7.4 Length of hospital stay after hip fracture and readmission rates of persons with and without Alzheimer’s disease
Blair Rajamäki, Marjaana Koponen, Sirpa Hartikainen, Anna-Maija Tolppanen
Introduction
Hospital length of stay (LOS) for incident of hip fracture are decreasing, but it is unknown if these changes have negative impacts on vulnerable older patient populations, like those with Alzheimer’s disease (AD). We aimed to assess if persons with and without AD have different LOS for hip fracture, and is the LOS associated with hospital readmissions.
Methods
Utilizing register-based data for a matched cohort study nested in the Medication use and Alzheimer’s disease study (MEDALZ), we collected all community-dwelling persons in Finland diagnosed with AD during 2005-2012, had incident of first hip fracture between 2005 and 2015 after AD diagnosis, and were discharged alive from an acute care hospital.
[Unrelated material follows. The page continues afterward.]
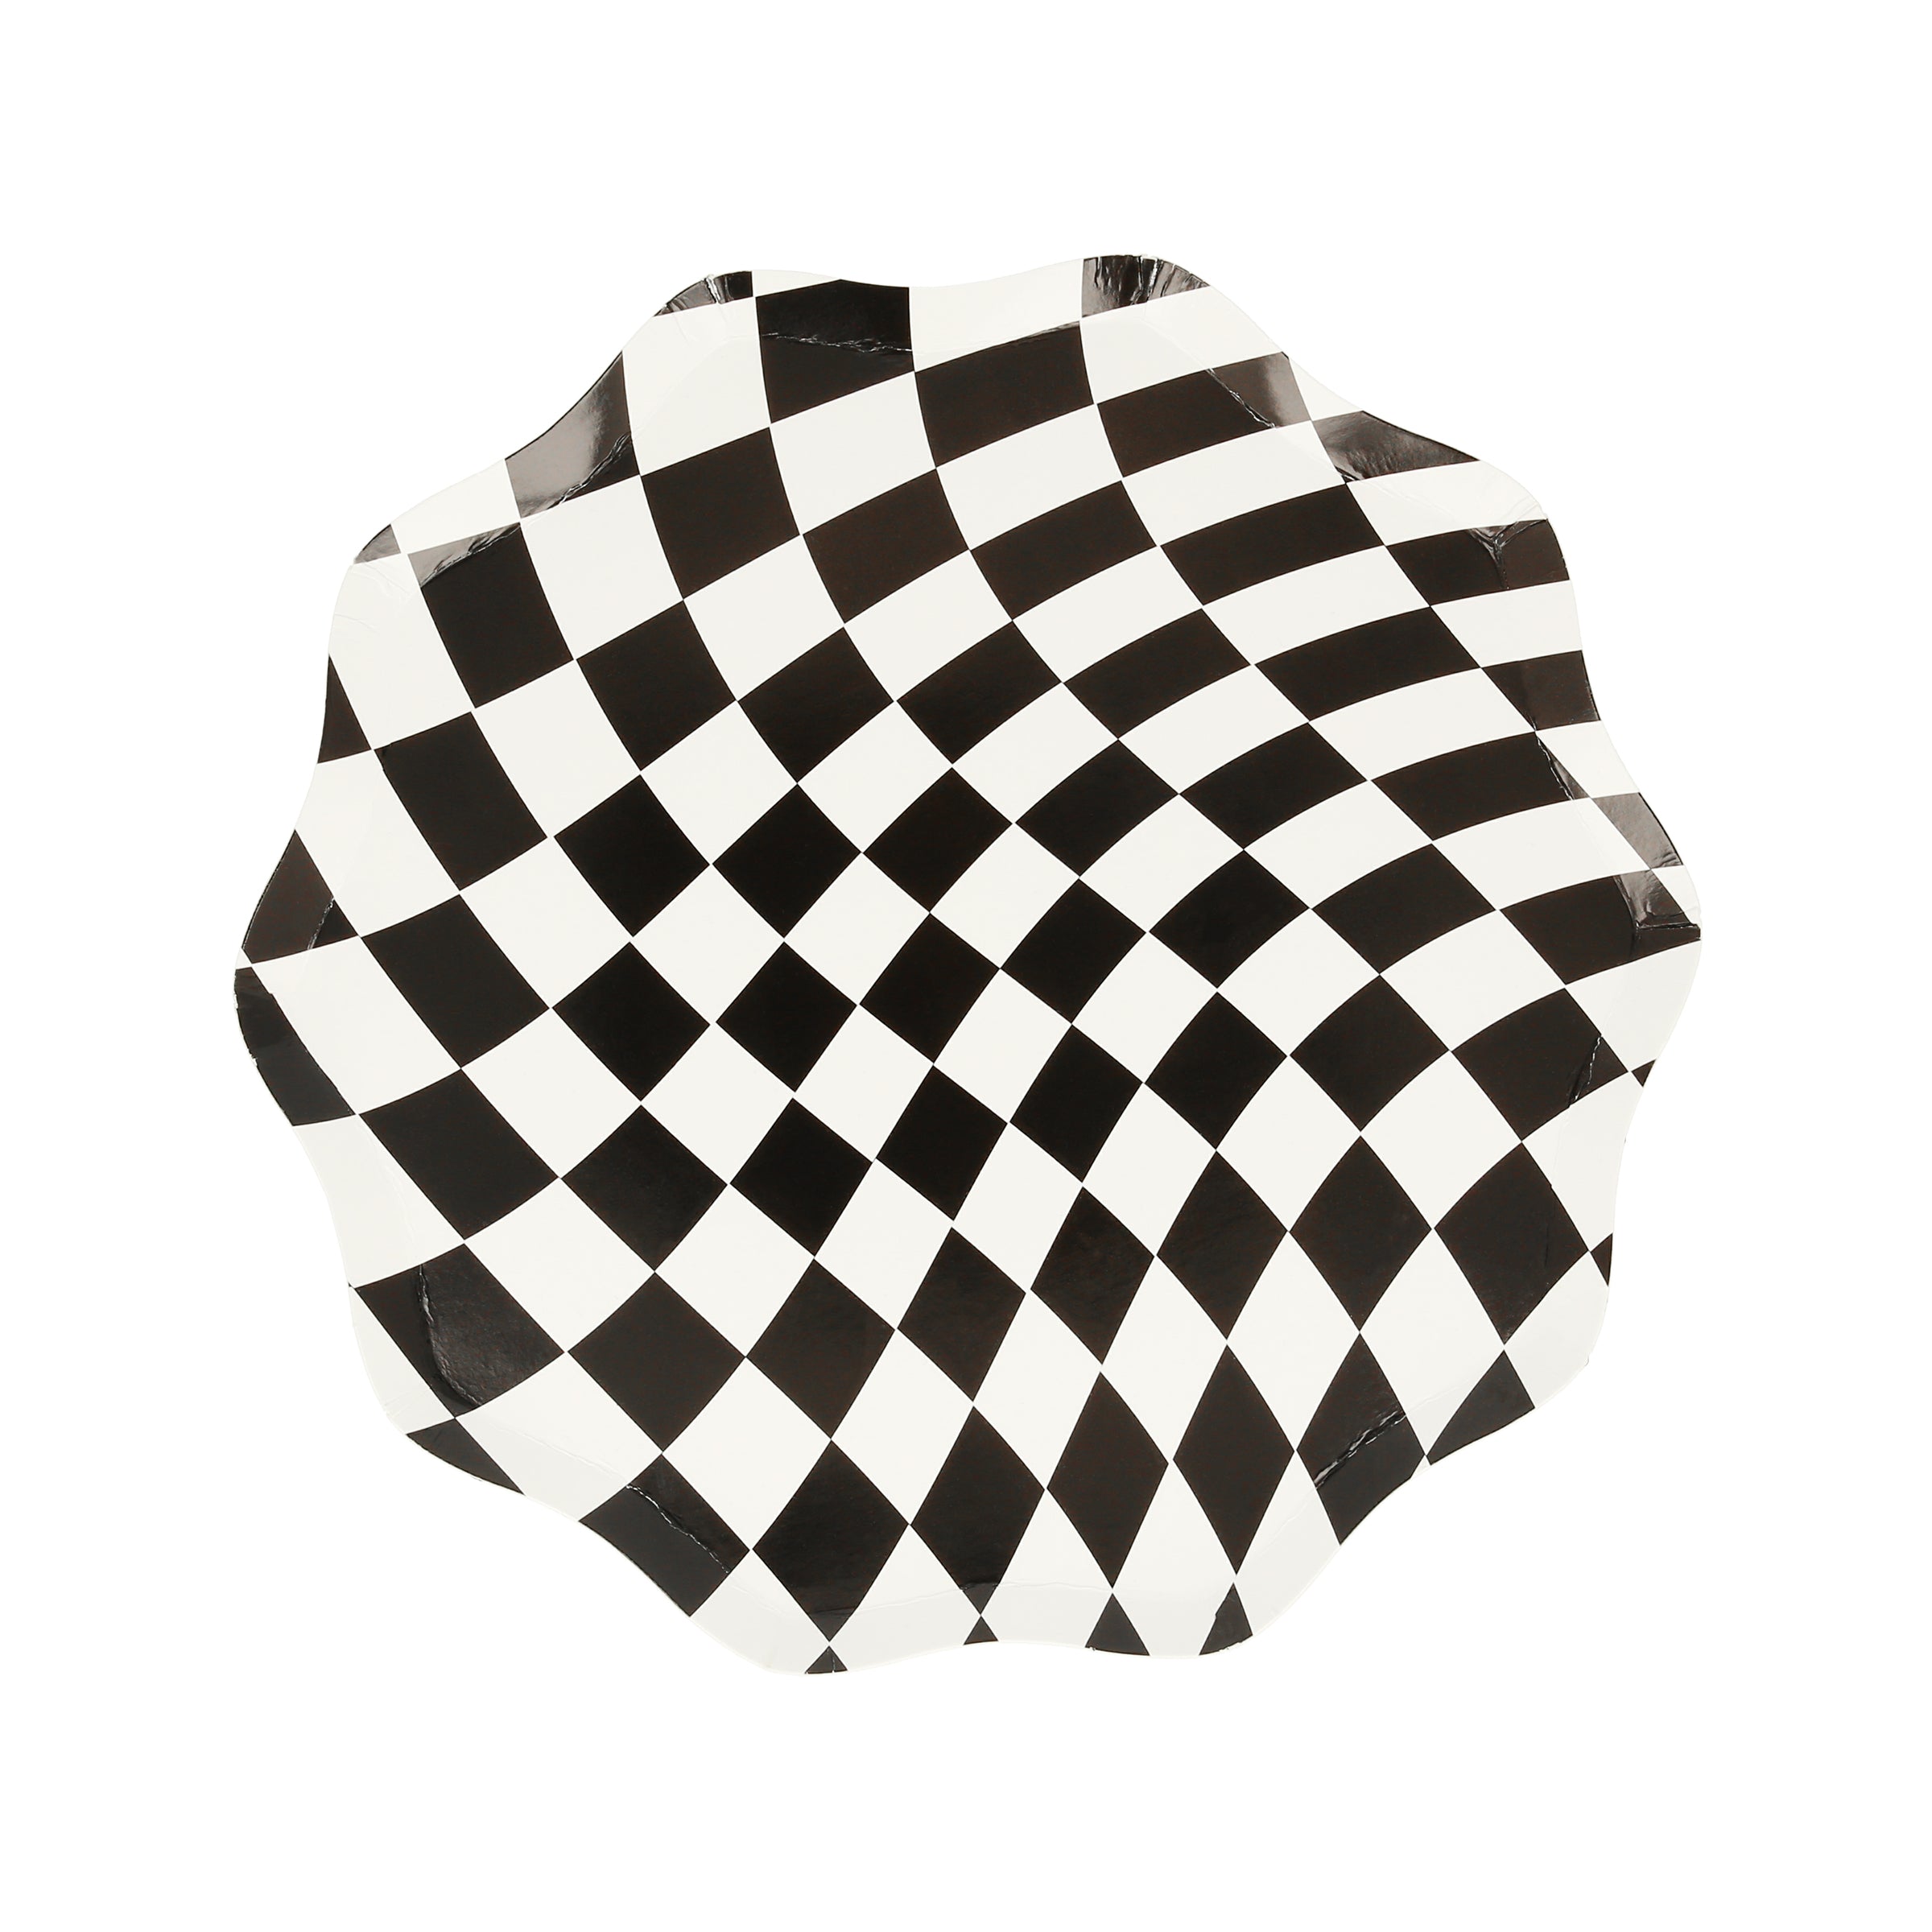 Our paper plates, with a swirling checkered design, are ideal for Halloween party ideas.

Hospital LOS and hospital readmissions within 30-days and 90-days were compared between those with and without AD and risk of readmission was assessed using binary logistic regression analysis.
Results
In this matched cohort study of 12,532 persons (mean age 84.6 years (95% CI: 84.5-84.7), 76.8% women), the median LOS in an acute care hospital was one day shorter for those with AD (median 4 days, IQR 3-7) than those without AD (median 5 days, IQR 3-7). However, the AD cohort had respectively 6 days and 5 days longer median LOS in a community hospital, and total hospital stay compared to the non-AD cohort. Those with AD had fewer readmissions within 30-days (10.7%) and 90-days (16.9%) compared to those without AD (13.3% 30-days and 20.7% 90-days). Both cohorts had a reduced readmission risk within 30-days when the LOS in an acute care hospital was 4-14 days, compared to a LOS <4 days.
Key conclusions
Short LOS in acute care hospitals may be associated with poor health outcomes for vulnerable older populations after hip fracture.